Bij toepassing van het bepaalde ten aanzien van het bouwen worden ondergeschikte bouwdelen zoals plinten, pilasters, kozijnen, gevelversieringen, ventilatiekanalen, schoorstenen, gevel- en kroonlijsten, luifels, balkons en overstekende daken buiten beschouwing gelaten, mits de overschrijding niet meer dan 1 m bedraagt.

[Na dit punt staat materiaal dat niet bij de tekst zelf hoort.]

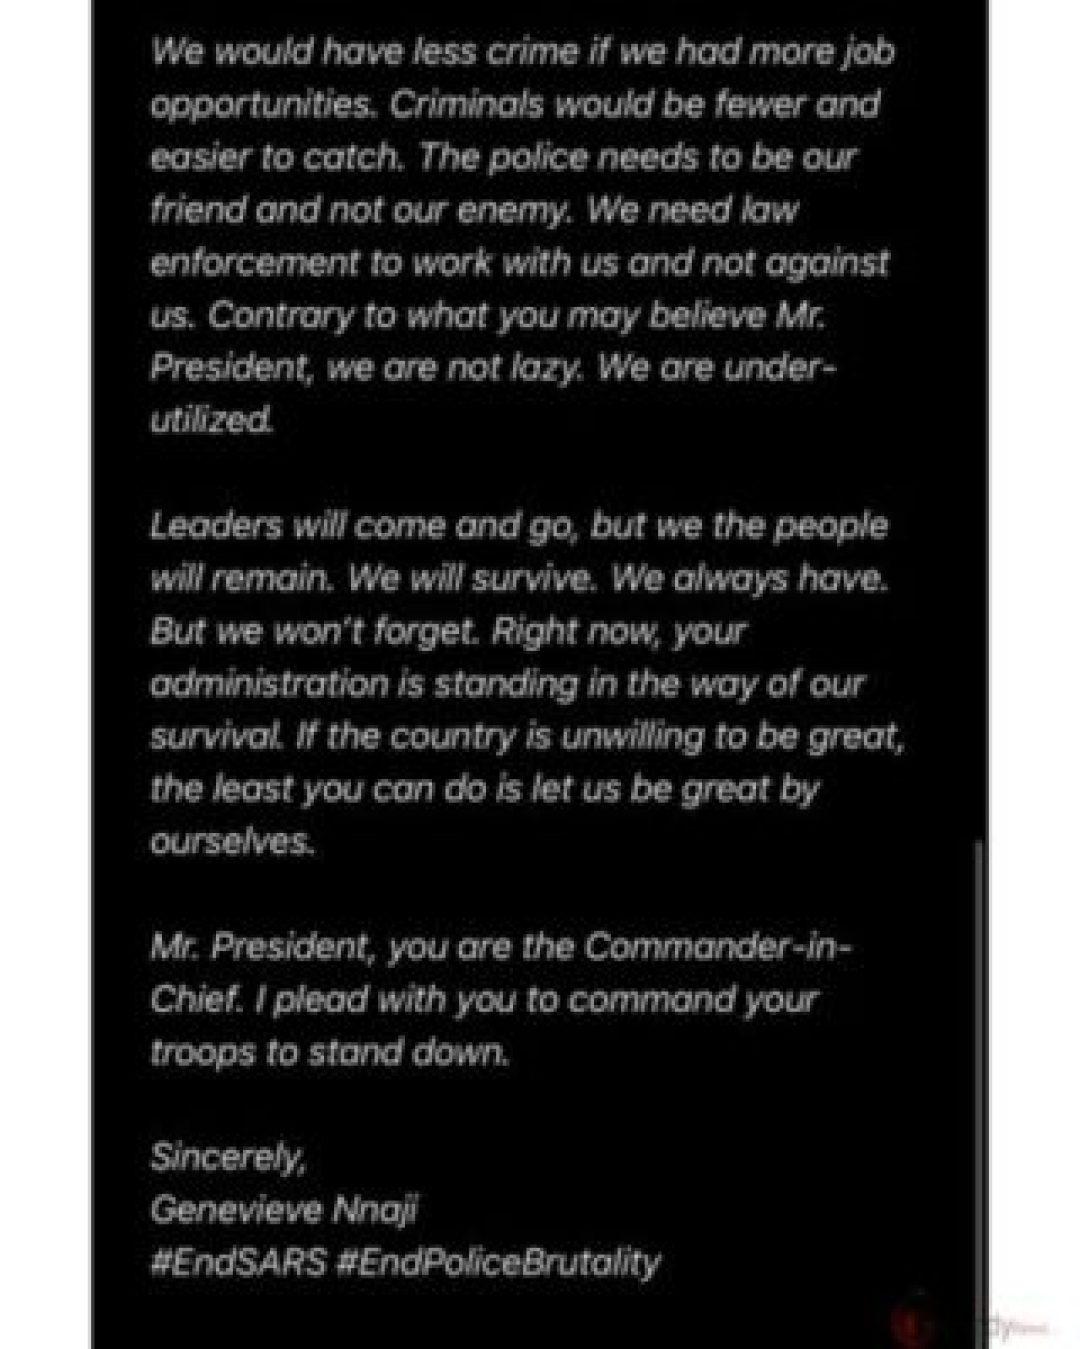 EndSARS: Genevieve Nnaji Writes An Open Letter To President Buhari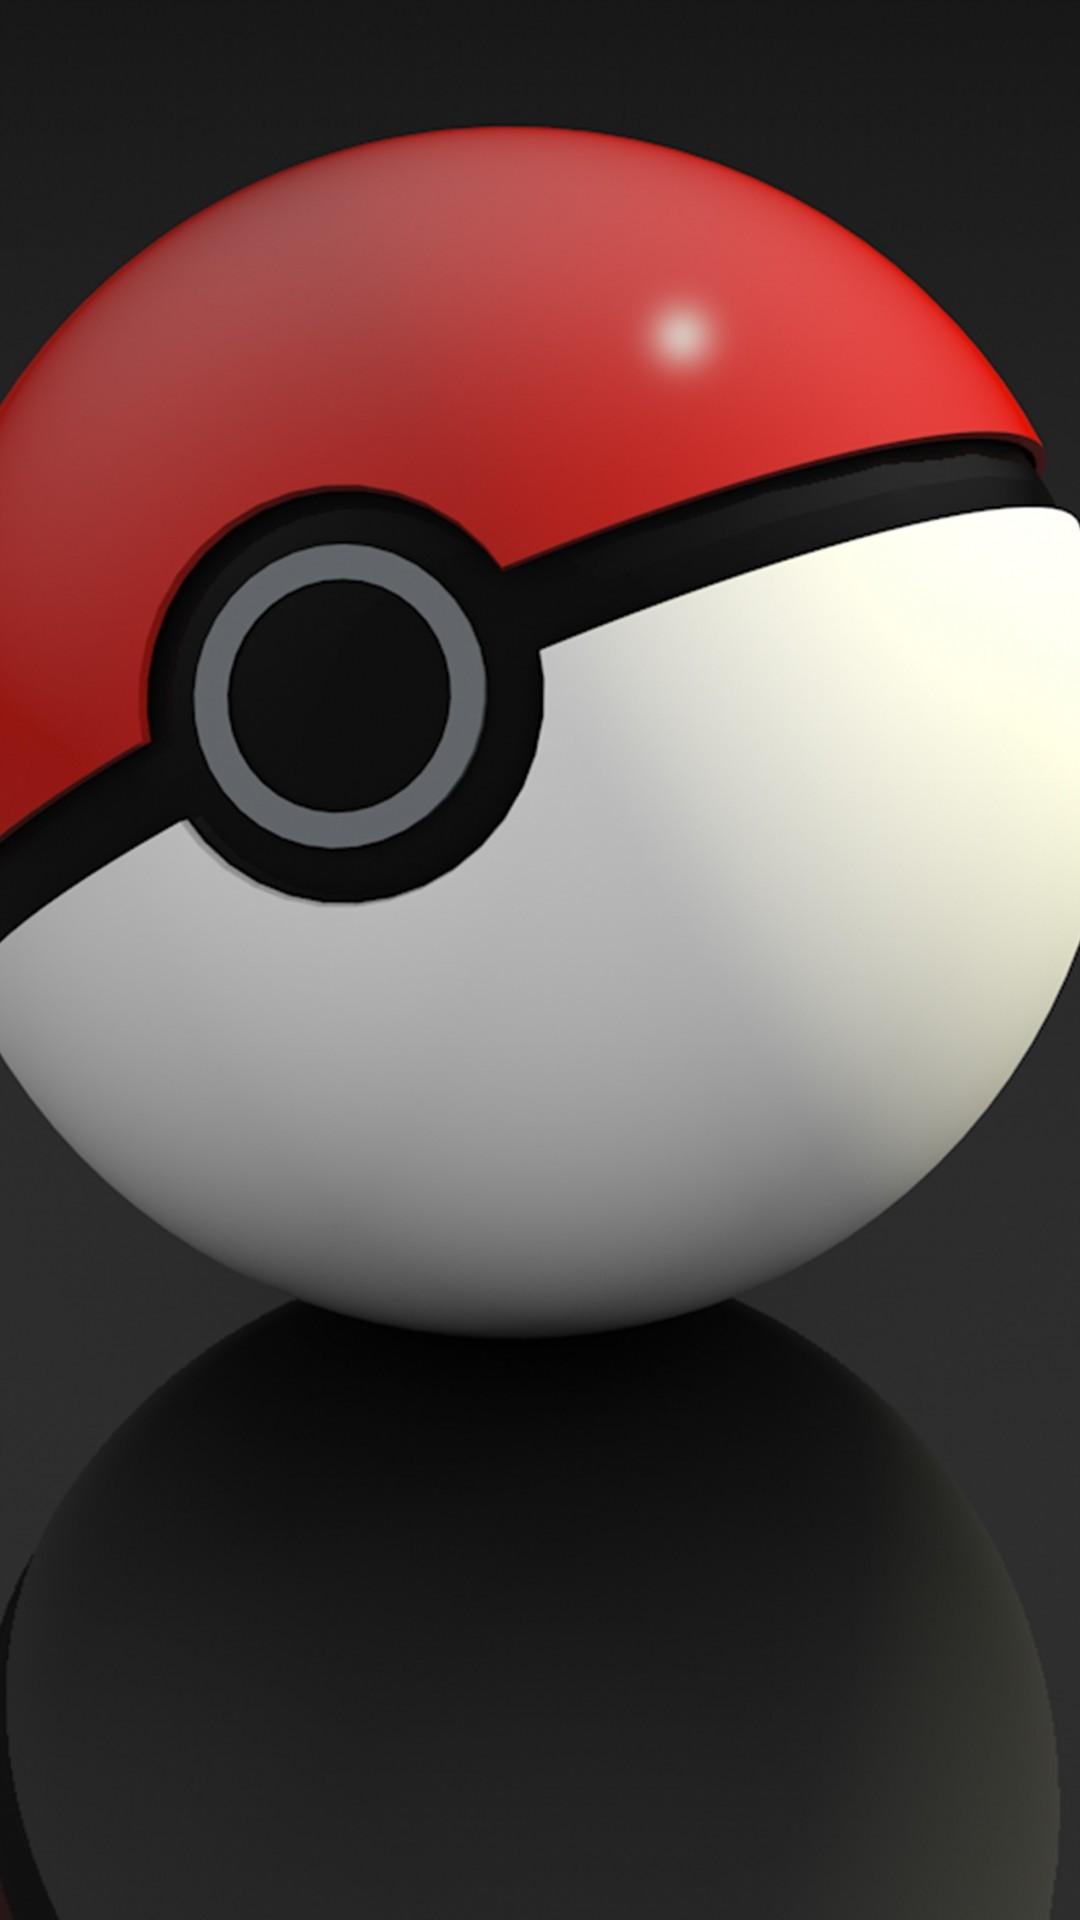 Pokemon, Pokeball

Hoofdstuk 2 Bestemmingsregels

Artikel 3 Bedrijf - Nutsbedrijf

3.1 Bestemmingsomschrijving

De voor 'Bedrijf - Nutsbedrijf' aangewezen gronden zijn bestemd voor:

  • a. een 150 kV-station, met uitzondering van risicovolle inrichtingen.

met de daarbij behorende:

  • b. inritten, erven en terreinen;
  • c. parkeervoorzieningen;
  • d. groenvoorzieningen;
  • e. waterhuishoudkundige voorzieningen, waterlopen en waterpartijen, alsmede (ondergrondse) waterbergings- en infiltratievoorzieningen;
  • f. wegen en paden.

Een en ander met de bijbehorende voorzieningen.

3.2 Bouwregels
3.2.1 Algemeen

Op de voor 'Bedrijf - Nutsbedrijf' aangewezen gronden mogen uitsluitend worden gebouwd:

  • a. bedrijfsgebouwen, geen bedrijfswoningen zijnde;
  • b. bouwwerken, geen gebouwen zijnde.
3.2.2 Bedrijfsgebouwen

Regels met betrekking tot bedrijfsgebouwen:

  • a. de goothoogte mag niet meer dan 4,5 meter bedragen;
  • b. de bouwhoogte mag niet meer dan 6,5 meter bedragen;
  • c. het bebouwingspercentage mag niet meer dan 10% bedragen.
3.2.3 Bouwwerken, geen gebouwen zijnde

Regels met betrekking tot bouwwerken, geen gebouwen zijnde:

  • a. de bouwhoogte mag niet meer dan 8 meter bedragen, met dien verstande dat:
    • 1. de bouwhoogte van masten voor bliksemafleiding niet meer dan 18 meter mag bedragen;
    • 2. de bouwhoogte van erfafscheidingen niet meer dan 3 meter mag bedragen;
3.3 Specifieke gebruiksregels
3.3.1 Strijdig gebruik

Tot een met de bestemming strijdig gebruik wordt in ieder geval gerekend het gebruik van de gronden en opstallen anders dan het toegestane gebruik op grond van het bepaalde in artikel 3.1, meer in het bijzonder:

  • a. voor detailhandel en groothandel;
  • b. voor horecadoeleinden;
  • c. voor permanente of tijdelijke bewoning;
  • d. voor een seksinrichting en/of escortbedrijf, raamprostitutie en straatprostitutie.
3.3.2 Voorwaardelijke verplichting landschappelijke inpassing

De nieuw te realiseren voorzieningen ten behoeve van het 150kV station als bedoeld in artikel 3.1 mogen niet eerder in gebruik worden genomen en gehouden mits de landschappelijke inpassing overeenkomstige het landschapsplan zoals opgenomen in Bijlage 1 is aangelegd en duurzaam in stand wordt gehouden.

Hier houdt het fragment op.